‘Delay means death’: UN climate report urges world to adapt now

Climate change is upon us and humanity is far from ready, the United Nations climate science panel warned in a major report on Monday.

Noting that nearly half the world’s population was already vulnerable to increasingly dangerous climate impacts, the report calls for drastic action on a huge scale: A third to a half of the planet needs to be conserved to ensure future food and freshwater supplies. Coastal cities need plans to keep people safe from storms and rising seas. And more.

“Adaptation saves lives,” U.N. Secretary-General Antonio Guterres said with the report’s release. “As climate impacts worsen – and they will – scaling up investments will be essential for survival… Delay means death.”

The 3,675-page report is the latest in a series by the Intergovernmental Panel on Climate Change (IPCC) detailing the global consensus onclimate science. This report, however, focuses on how nature and societies are being affected and what they can do to adapt.

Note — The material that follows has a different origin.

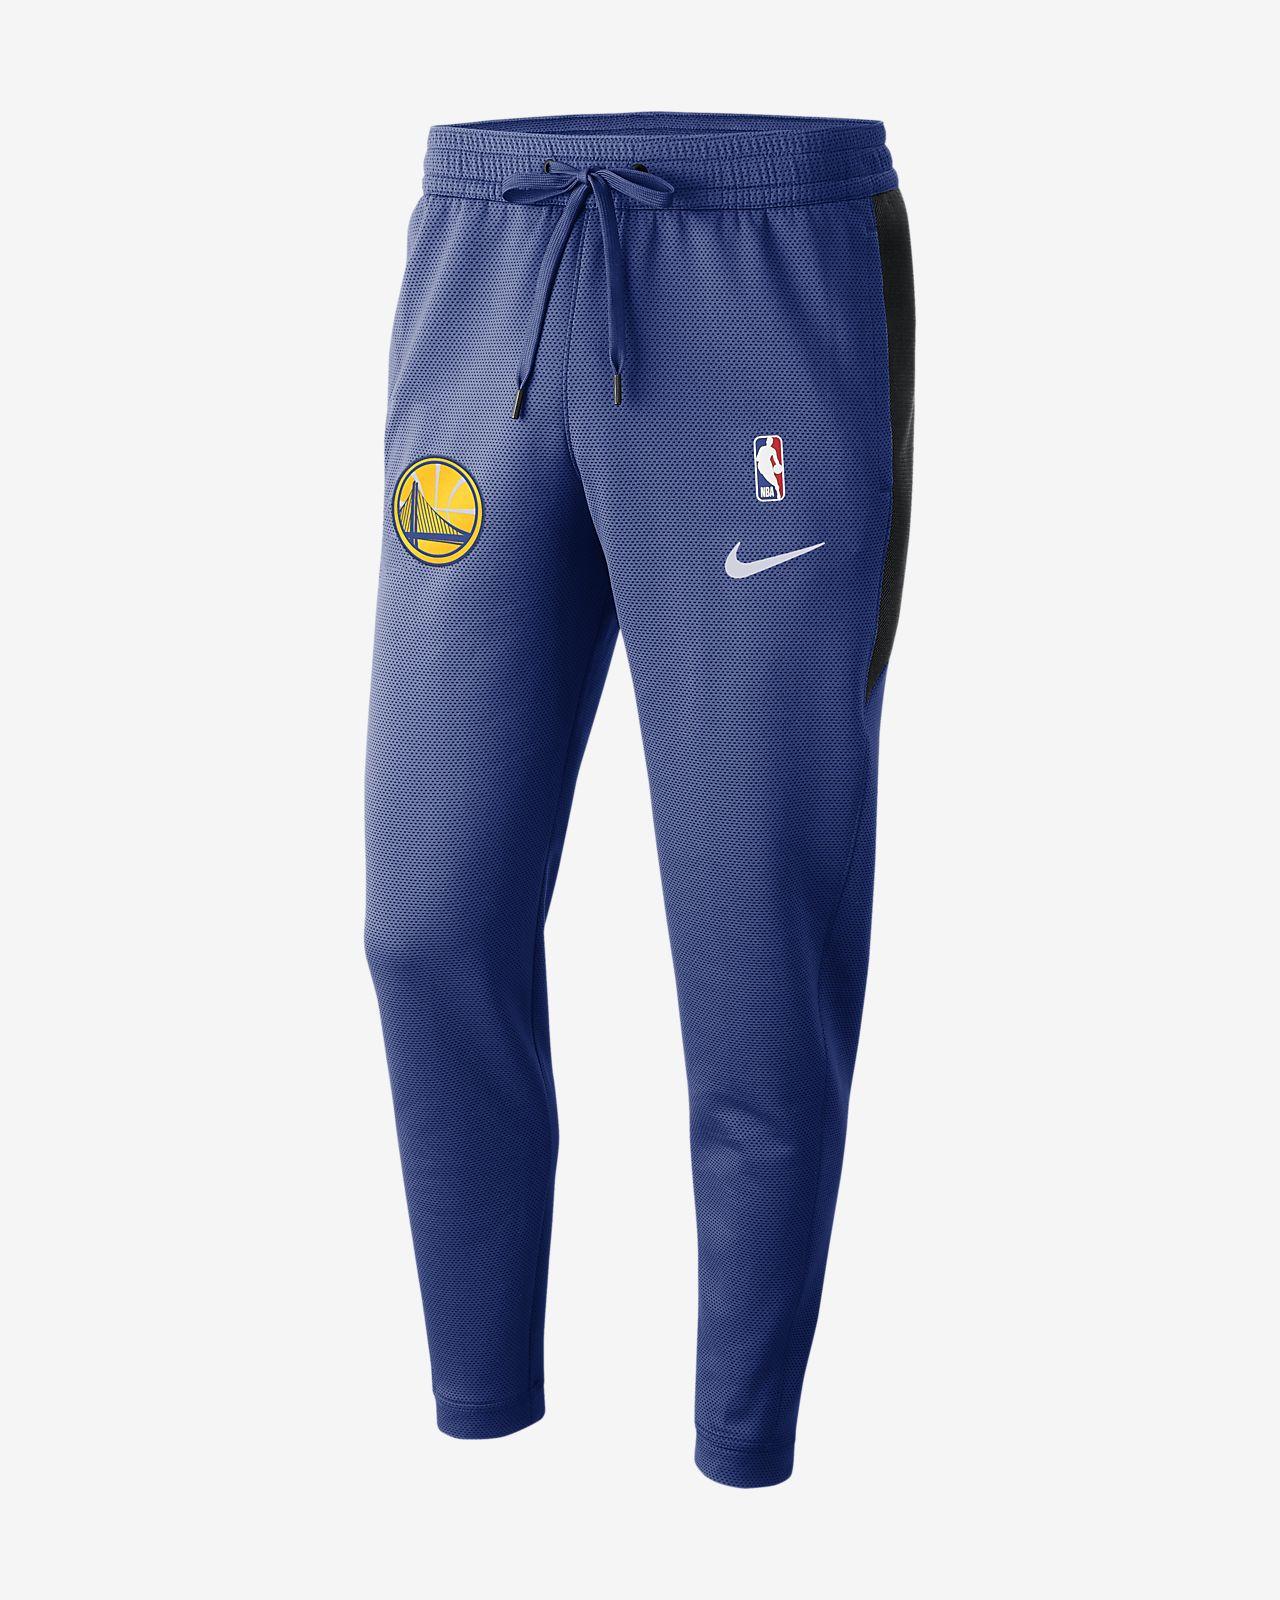 Golden State Warriors Nike Therma Flex Showtime NBA-herenbroek
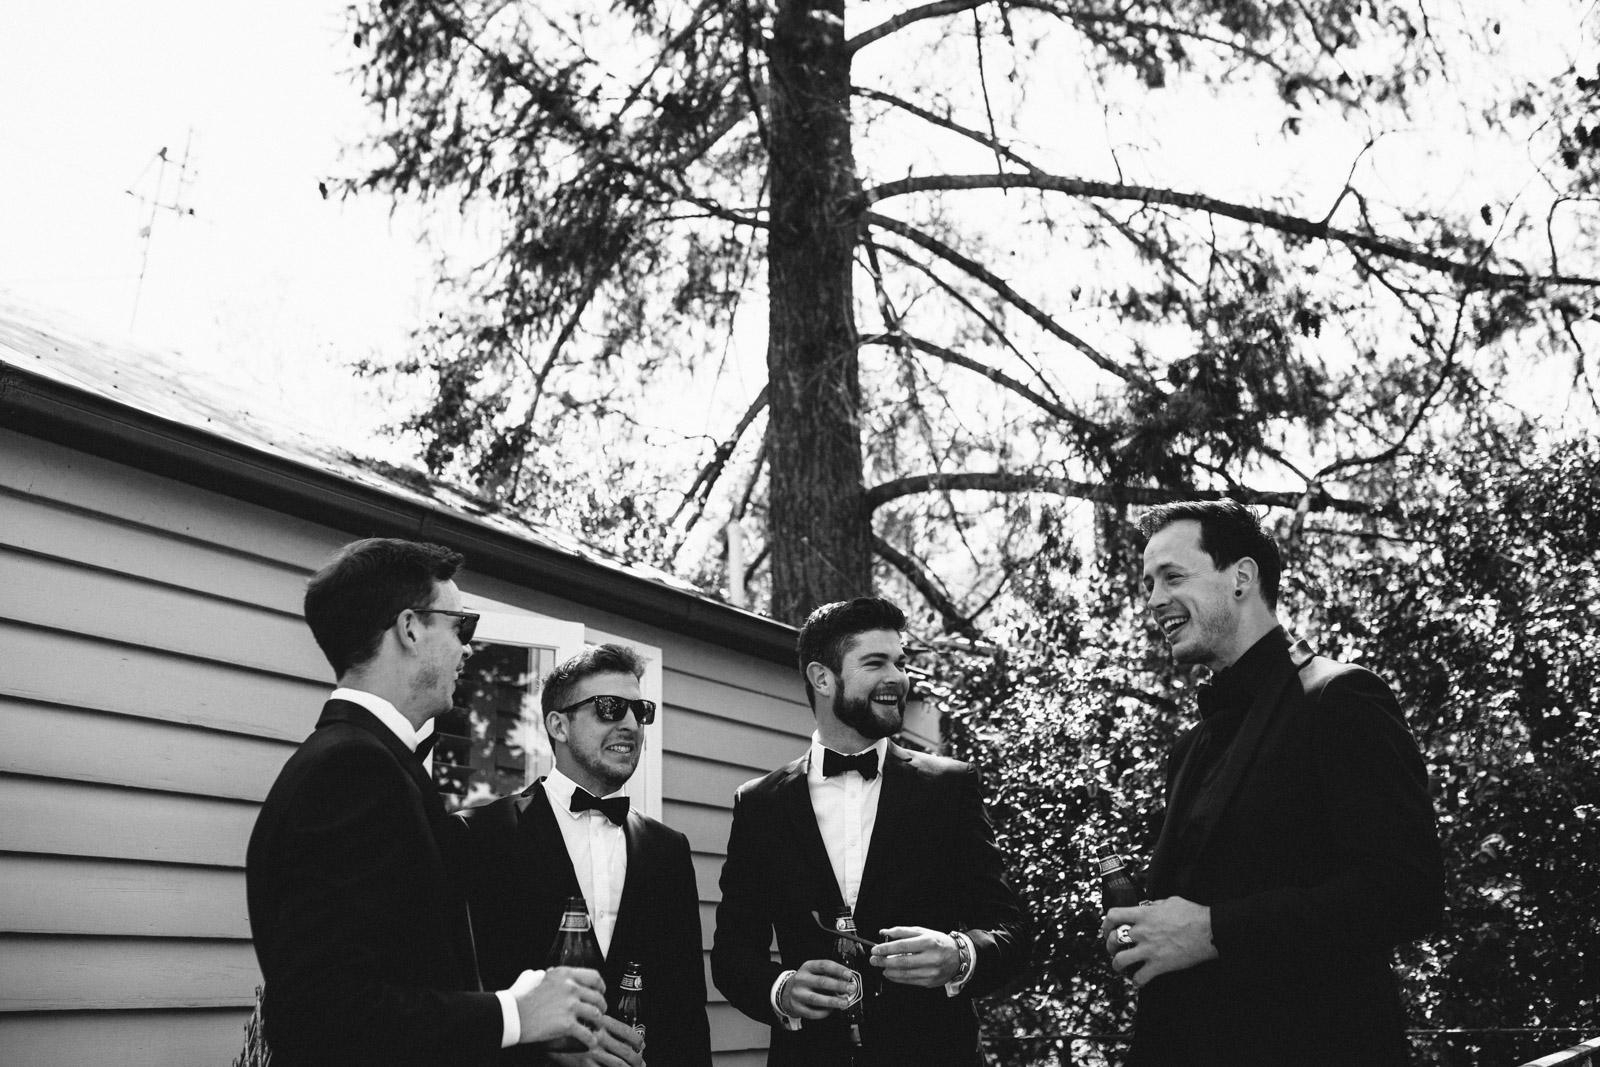 ZD-Melbourne Wedding Photographer-Dean Raphael-11.jpg

British, Spanish and Egyptian officials said the report was a call to action. U.S. Climate Envoy John Kerry lamented that too little has been done to adapt to climate change and said the report offered a “blueprint for action”.

“Denial and delay are not strategies, they are a recipe for disaster,” Kerry said in a statement.

U.S. Secretary of State Antony Blinken said climate change would further threaten both global and local stability. “We know the significant risks climate change poses to our health and safety, and we know the climate plays a decisive role in shaping the trajectory of peace and prosperity in the world,” hr said.

On nearly all counts, the report makes clear that climate change is impacting the world far faster than scientists had anticipated. Meanwhile, countries have failed to rein in planet-warming carbon emissions, which continue to rise.

“Unchecked carbon pollution is forcing the world’s most vulnerable on a frogmarch to destruction,” Guterres said in a video address Monday. “The facts are undeniable. This abdication of leadership is criminal.”

Tough choices

While governments need to drastically curb their emissions to prevent runaway global warming, they can also work to limit suffering by adapting to the conditions of a warmer world, the report says.

That will take a lot of money – to finance new technologies and institutional support. Cities can invest in cooling areas to help people through heatwaves. Coastal communities may need new infrastructure or to relocate altogether.

“In terms of transformational adaptation, we can plan it and implement it now, or it’ll be thrust upon us by climate change,” said Kristina Dahl with the Union of Concerned Scientists, who was not involved in writing the report.

But in some cases, the report acknowledges, the costs of adapting will be too high.

The report’s release three months after global leaders met at a climate summit in Glasgow, Scotland, highlighted the urgency of efforts to contain global warming to within 1.5 degrees Celsius (2.7 degrees Fahrenheit) of pre-industrial temperatures.

Breaching that threshold will deliver irreversible damage to the planet, it says. And every increment of warming will cause more pain.

“Adaptation is not a get-out-of-jail-free card. There are limits to adaptation,” said Maarten van Aalst, director of the Red Cross Red Crescent Climate Centre and a report co-author.

Limiting global warming to close to 1.5C may not prevent losses to nature, societies or economies, but will substantially reduce them, the report says.

Having already warmed 1.1C, the planet is expected to hit the 1.5C threshold within two decades.

“Our atmosphere today is on steroids, doped by fossil fuels. This is already leading to stronger, longer and more frequent extreme weather events,” said Petteri Taalas, secretary-general of the World Meteorological Organization.

Permanent Damage

Societies will fail to adjust well to a warming world if they aren’t socially inclusive in tackling the task, the report warns. Solutions need to consider social justice and include indigenous populations, minorities and the poor, it says.

“It’s the poor and most marginalized who are most vulnerable” to climate change, said Timon McPhearson, an urban ecologist at The New School in New York and one of the report’s 270 authors.

Losses and damage from climate-related events, such as storms or heat waves, are already mounting.

In the decade up to 2020, highly vulnerable people in places such as Africa, South Asia and South America were 15 times more likely to die from floods, droughts or storms, the report said.

Hundreds of plant and animal species have disappeared at a local level, and some altogether from the planet. Australia’s Bramble Cay melomys rodent, for example, was driven to extinction by sea level rise, noted said IPCC co-author Brendan Mackey of Australia’s Griffith University. And marine heatwaves are killing off swathes of the Great Barrier Reef.

For people, time is running out to make the society-wide transformations needed, the report authors warn.

“There is a brief and rapidly closing window to secure a liveable future on the planet,” said Hans-Otto Portner, co-chair of the IPCC working group that generated the report. “We need to live up to this challenge.”